Пишите мне чаще. Не отговаривайтесь тем, что я и так знаю вашу жизнь и вам нечего сообщить. В вашем возрасте и при вашем складе ума каждый день приносит новое. Помните ту пору, когда вы измеряли первые весенние листья и сообщали мне, насколько они выросли под действием росистой ночи или очень солнечного дня? То же самое происходит с врожденными свойствами подростка ваших лет. Не удивляйтесь этому быстрому расцвету, который, насколько я вас знаю, наверное, застанет вас врасплох, а может быть, и испугает. Дайте волю силам, которые в вашем случае ничем не опасны, но только рассказывайте мне о себе, чтобы я мог вас представлять; дайте мне возможность видеть вас таким, каким вы стали, и я, в свою очередь, сообщу вам, насколько вы выросли. Главное, относитесь просто к своим впечатлениям. На что вам их изучать? Разве не довольно того, что они вас волнуют? Впечатлительность – чудесный дар; в той сфере созидания, которая, видимо, уготована вам, впечатлительность может стать редкостной силой, но при одном условии: если вы не обратите ее против самого себя. Если из творческих способностей с их крайней самопроизвольностью и хрупкостью вы делаете предмет наблюдения, если изощряетесь, если вглядываетесь, если самой впечатлительности вам мало и вы хотите к тому же изучить ее механизм, если вас увлекает не столько само волнение, сколько зрелище души, охваченной волнением, если вы ставите вокруг себя взаимно отражающие зеркала, чтобы умножить свой образ до бесконечности, если к божественным дарам примешиваете человеческий анализ, если из чувствительного становитесь чувственным, – таким превращениям не будет конца, и, предупреждаю вас, это очень опасно. У древних была прелестная притча, которую можно толковать на множество ладов и которую советую вам принять к сведению. Нарцисс влюбился в свое отражение; он не сводил с него глаз, не мог прикоснуться к нему и погиб из-за той самой иллюзии, что его пленила. Поразмыслите об этом и, если вам случится увидеть себя со стороны в то время, как вы действуете, страдаете, любите, живете – как бы ни было привлекательно видение, – отвернитесь.

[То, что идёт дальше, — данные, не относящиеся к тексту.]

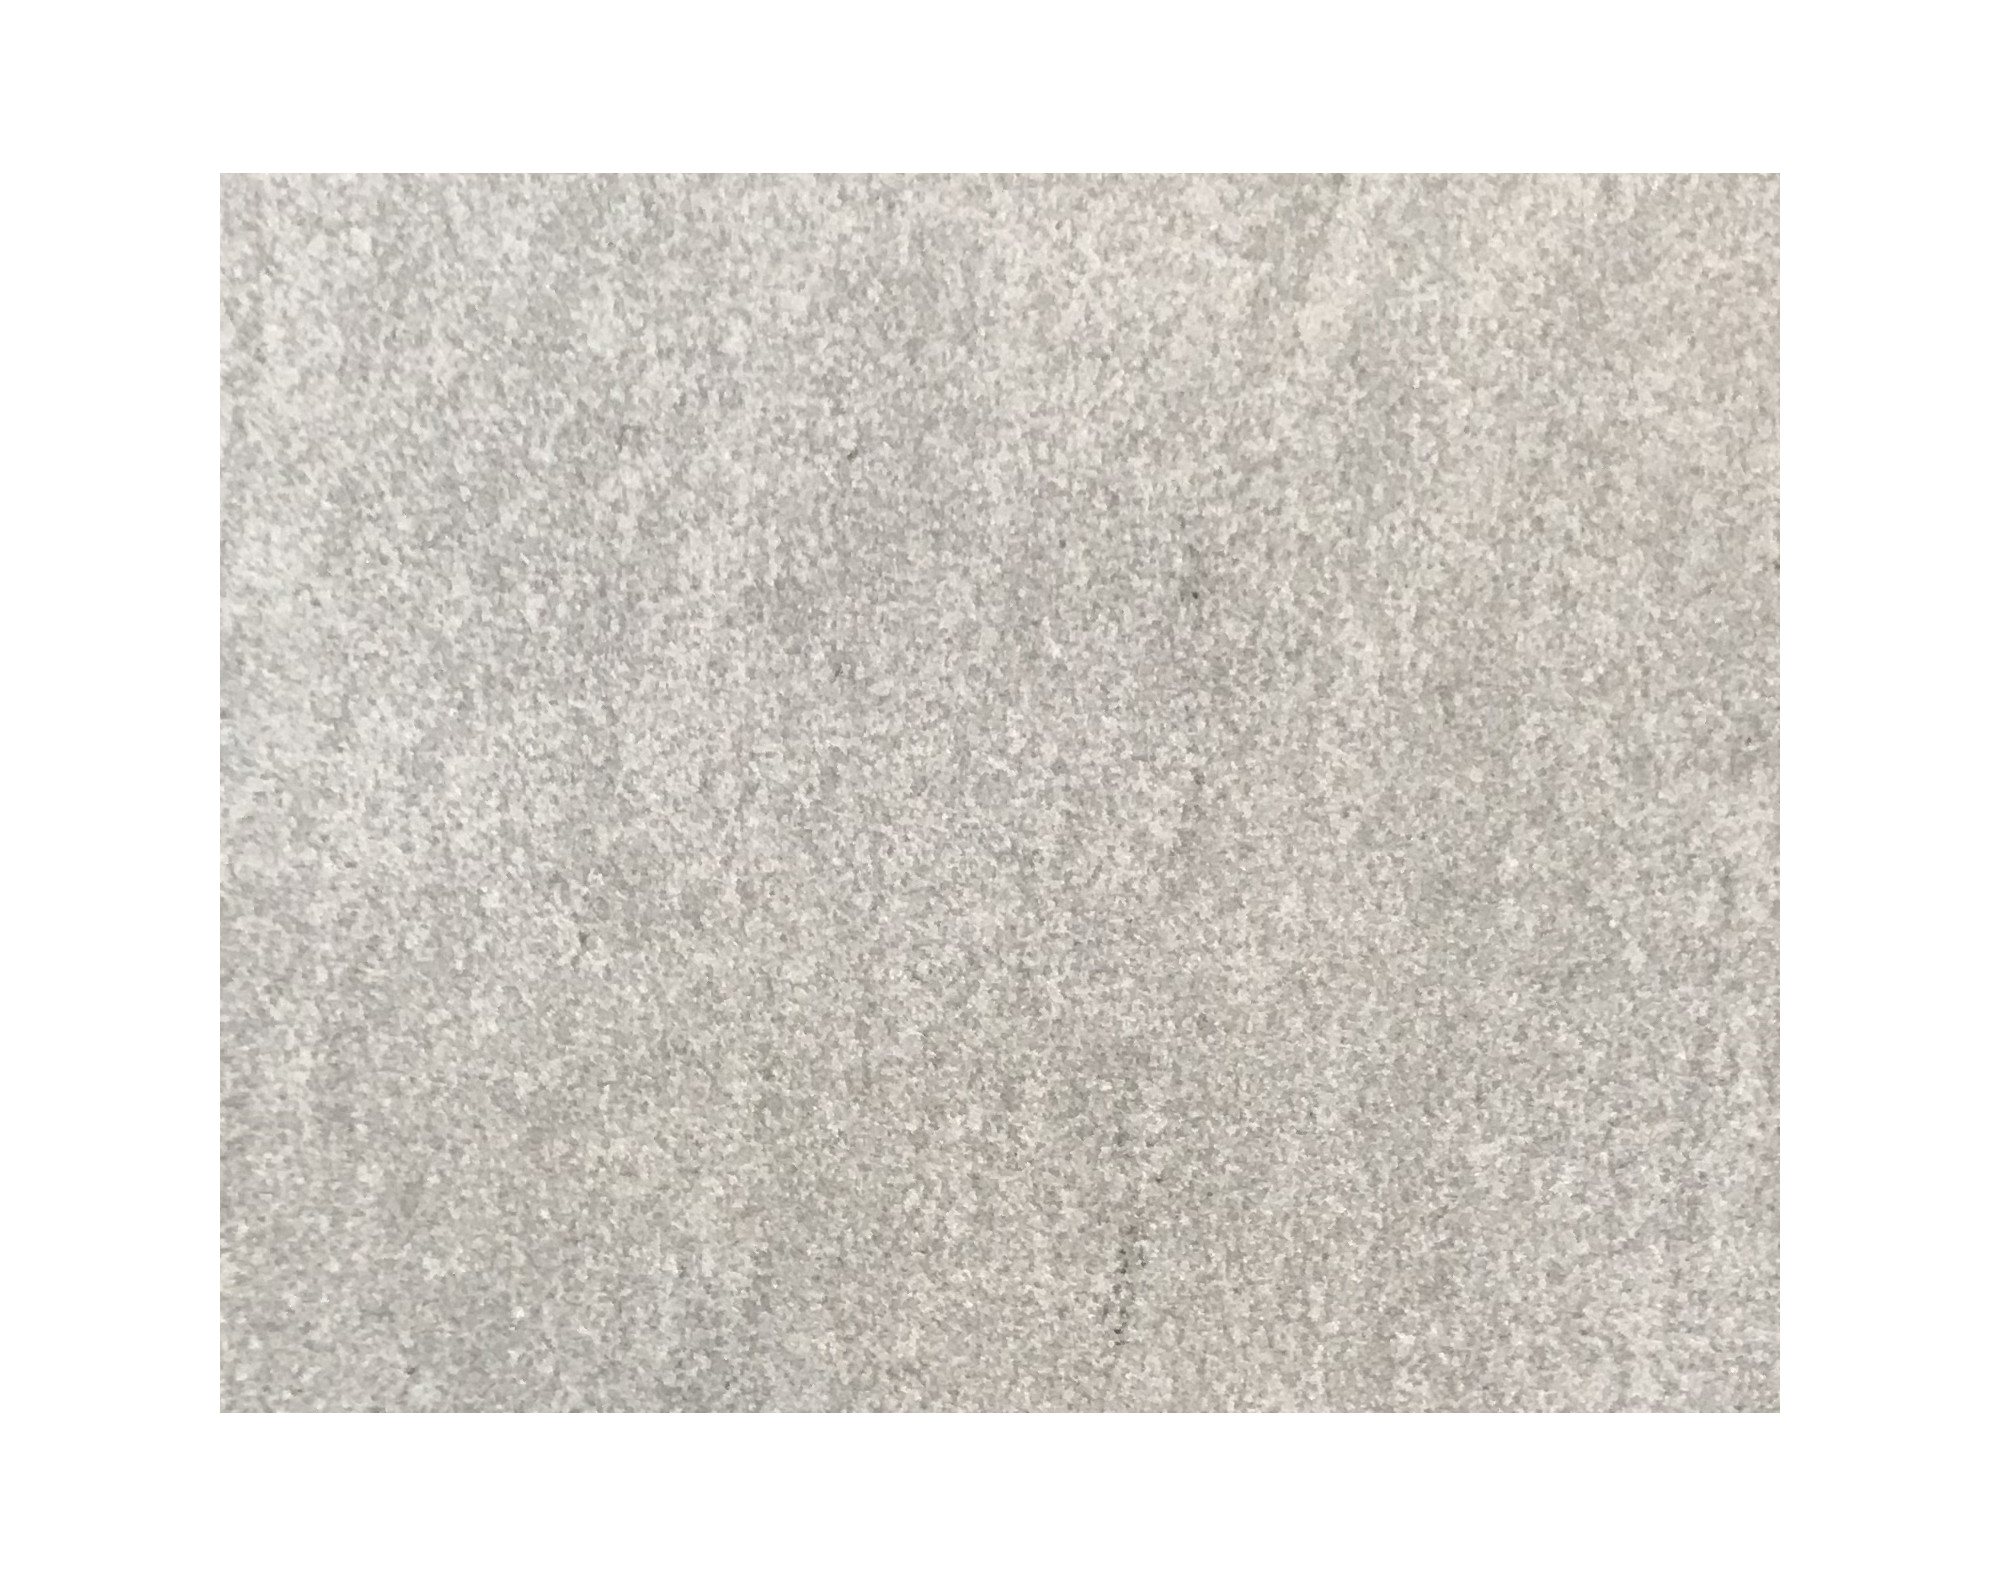 Harmo roc firenzeset, keramiek-serie, rond d:5,00m, zand grijs, keramisch porselein

Вы пишете, что скучаете. Это значит, что вы страдаете: скука – удел лишь тех людей, чей ум пуст, а сердце ничто не может тронуть: но отчего вы страдаете? Можно ли выразить это словами? Будь я рядом с вами, я понял бы сам. Когда вы дадите мне право задать вопрос определеннее, я скажу вам, каковы мои предположения. Если я не ошибаюсь и если вы и в самом деле не знаете, что же именно стало причинять вам страдание, тем лучше; это знак, что ваше сердце сохранило всю наивность, которую ум уже утратил.
Не просите, чтобы я писал о себе, мое «я» покуда еще ничего собою не представляет. Кто знает его, кроме вас? По правде сказать, оно никому не интересно. Оно трудится, прилагает все усилия, отнюдь себя не щадит, никак не развлекается, порой надеется и все-таки не утратило способности желать. Довольно ли этого? Там видно будет…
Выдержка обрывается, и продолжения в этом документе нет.